Initiatives covering several geographical areas (rural, peri-urban, and urban) were the most prominent in both Spain (n = 12) and Portugal (n = 8). As for their aim, initiatives were considered if they fell into one of the following categories: (a) focusing specifically on energy consumption and production, (b) on mobility (car-free living, cycling related cases, travel less, no-flight initiatives), or (c) fostering a holistic perspective to sustainable lifestyle change with implications for energy production and consumption (carbon footprint reduction, communities, sufficiency-oriented cases). Initiatives directly related to production and consumption were the most prominent in Spain (n = 15), while holistic cases stood out in Portugal (n = 7), as well as one case related to mobility.

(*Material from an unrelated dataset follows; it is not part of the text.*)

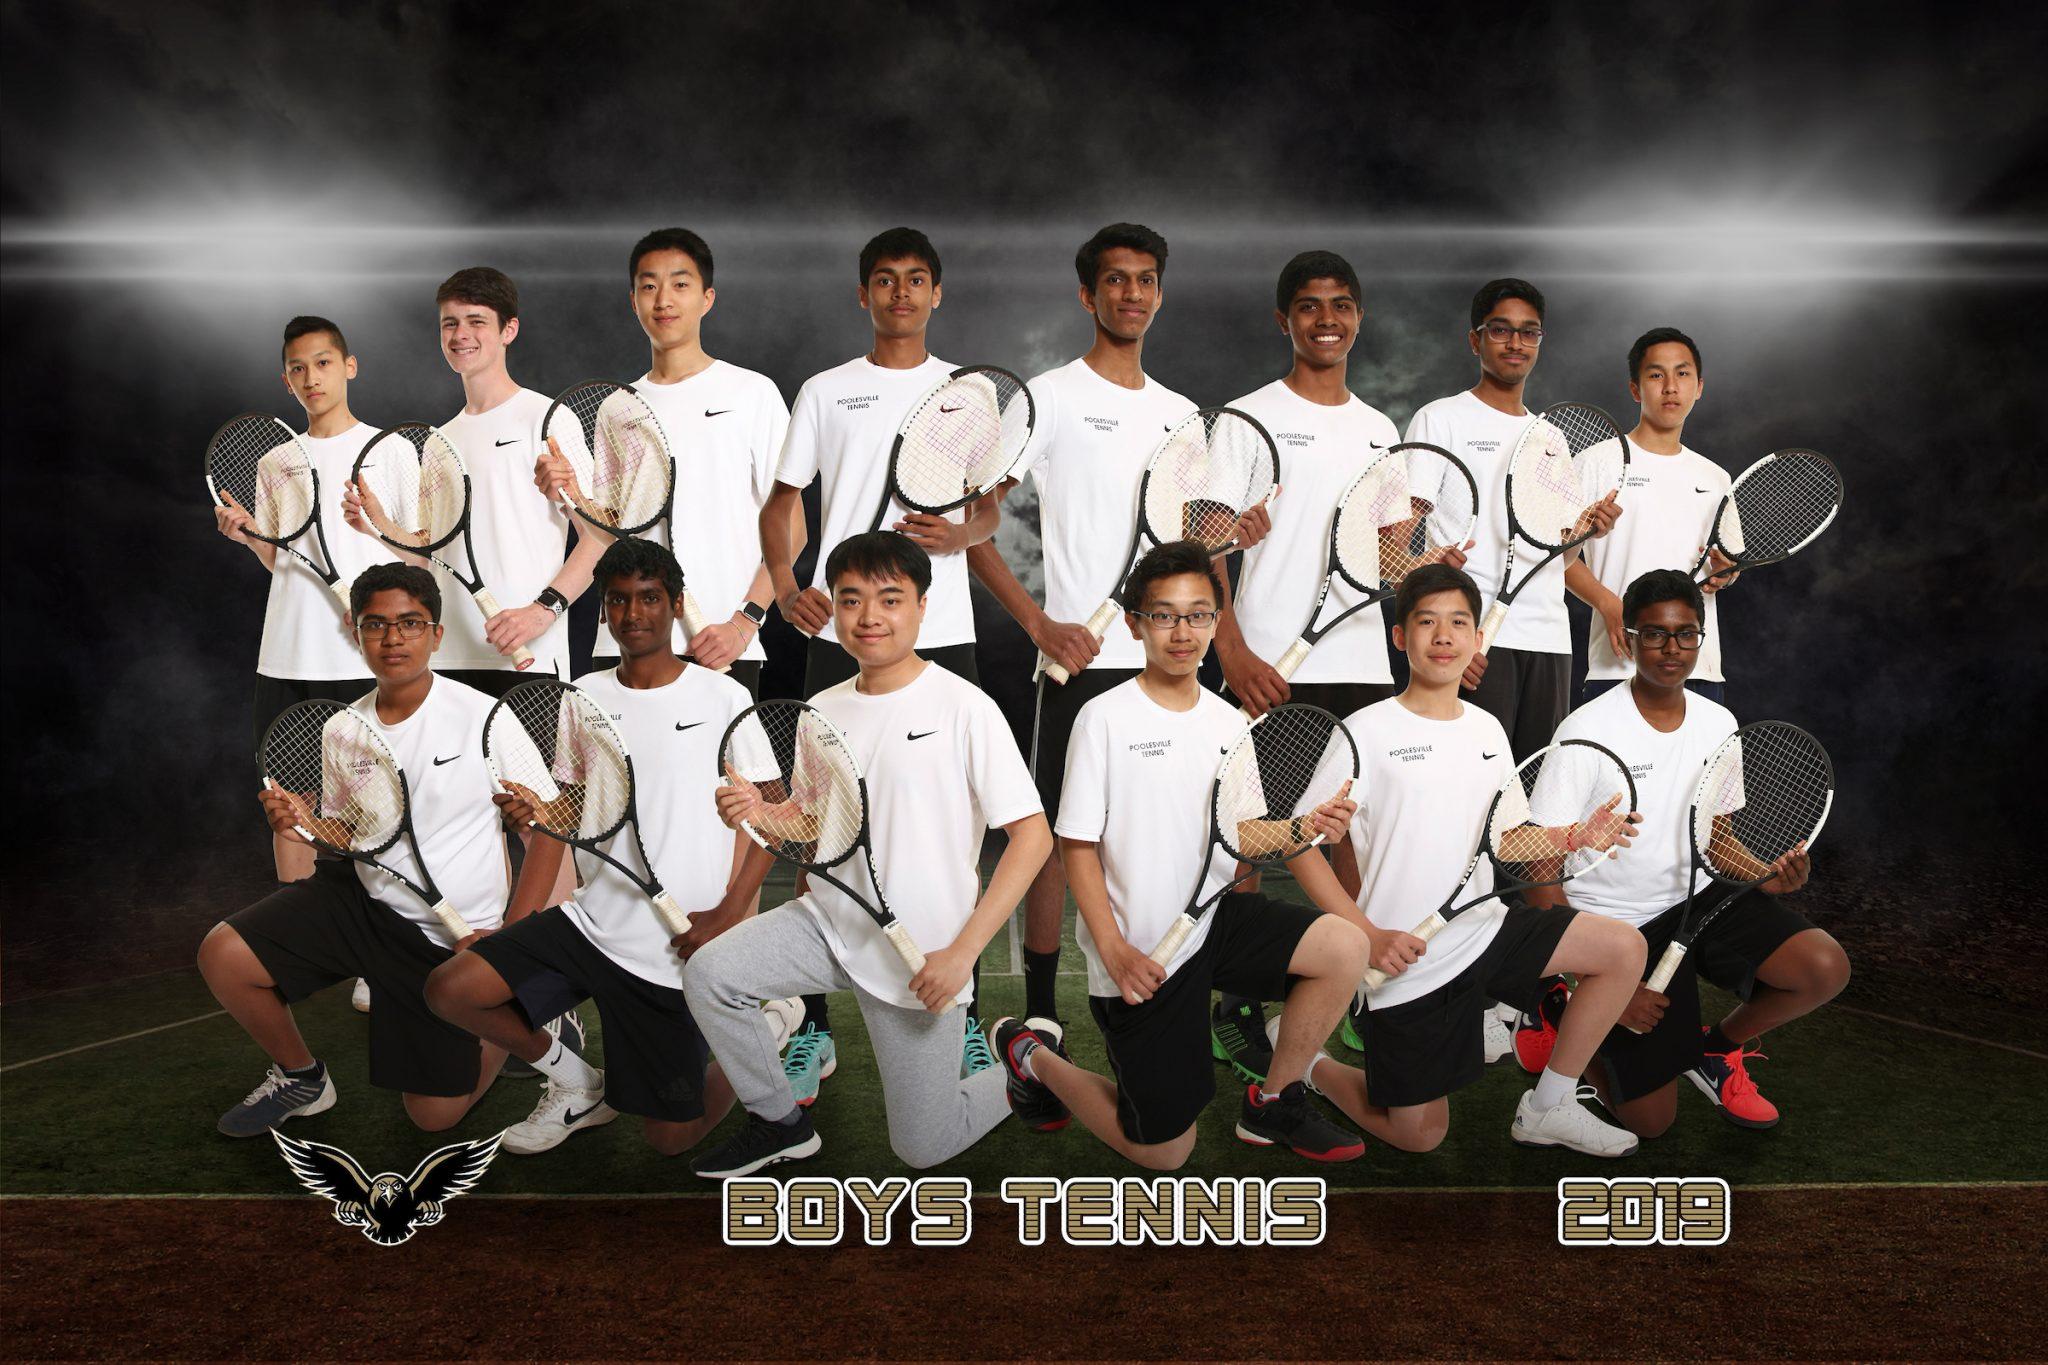 boys tennis team picture
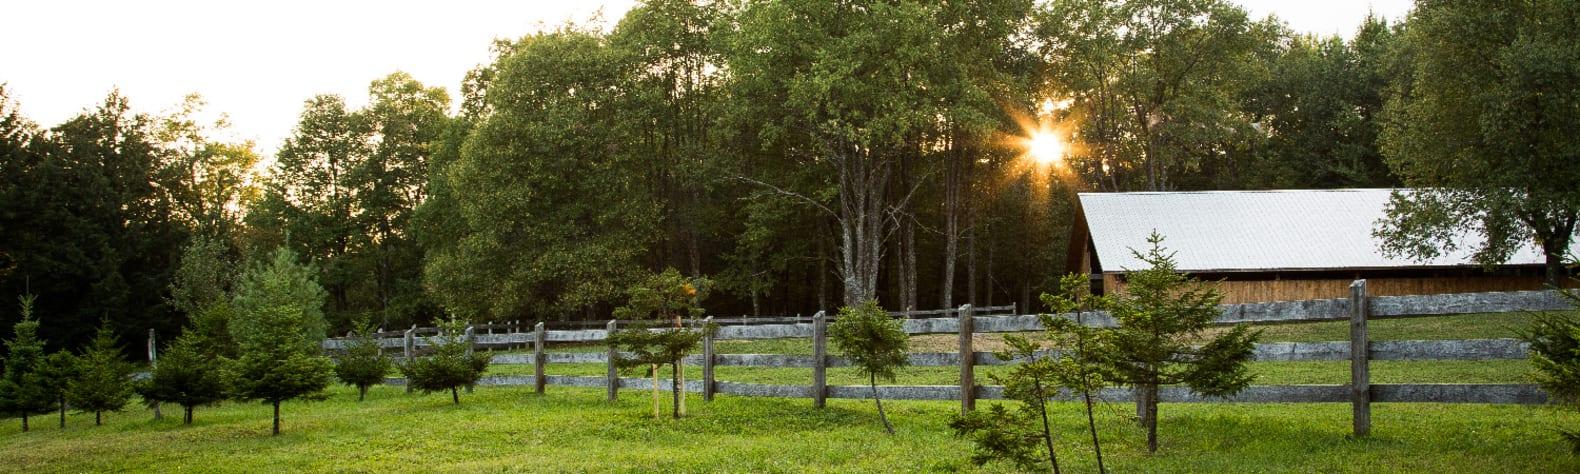 Trailside Ranch Cabin Rentals

In terms of the types of agency characterizing the initiatives, a small percentage of them were individual cases (scientists who become activists, individuals who care about carbon footprint reduction and are an example of this, influencers, people who live self-sufficiently) and the majority were of the collective type (citizens as minority shareholders in a wind or solar farm project; ECs or cooperatives; non-profit organizations promoting debate on and acceptance of transmission power lines and grid development; climate protest movements). However, access to information regarding individual cases was challenging, as many were not sufficiently documented to carry out desk-based mapping. Thus, most of the initiatives identified in the mapping were collective types, with only two cases of individual agency in Spain (6.89%) and none for Portugal.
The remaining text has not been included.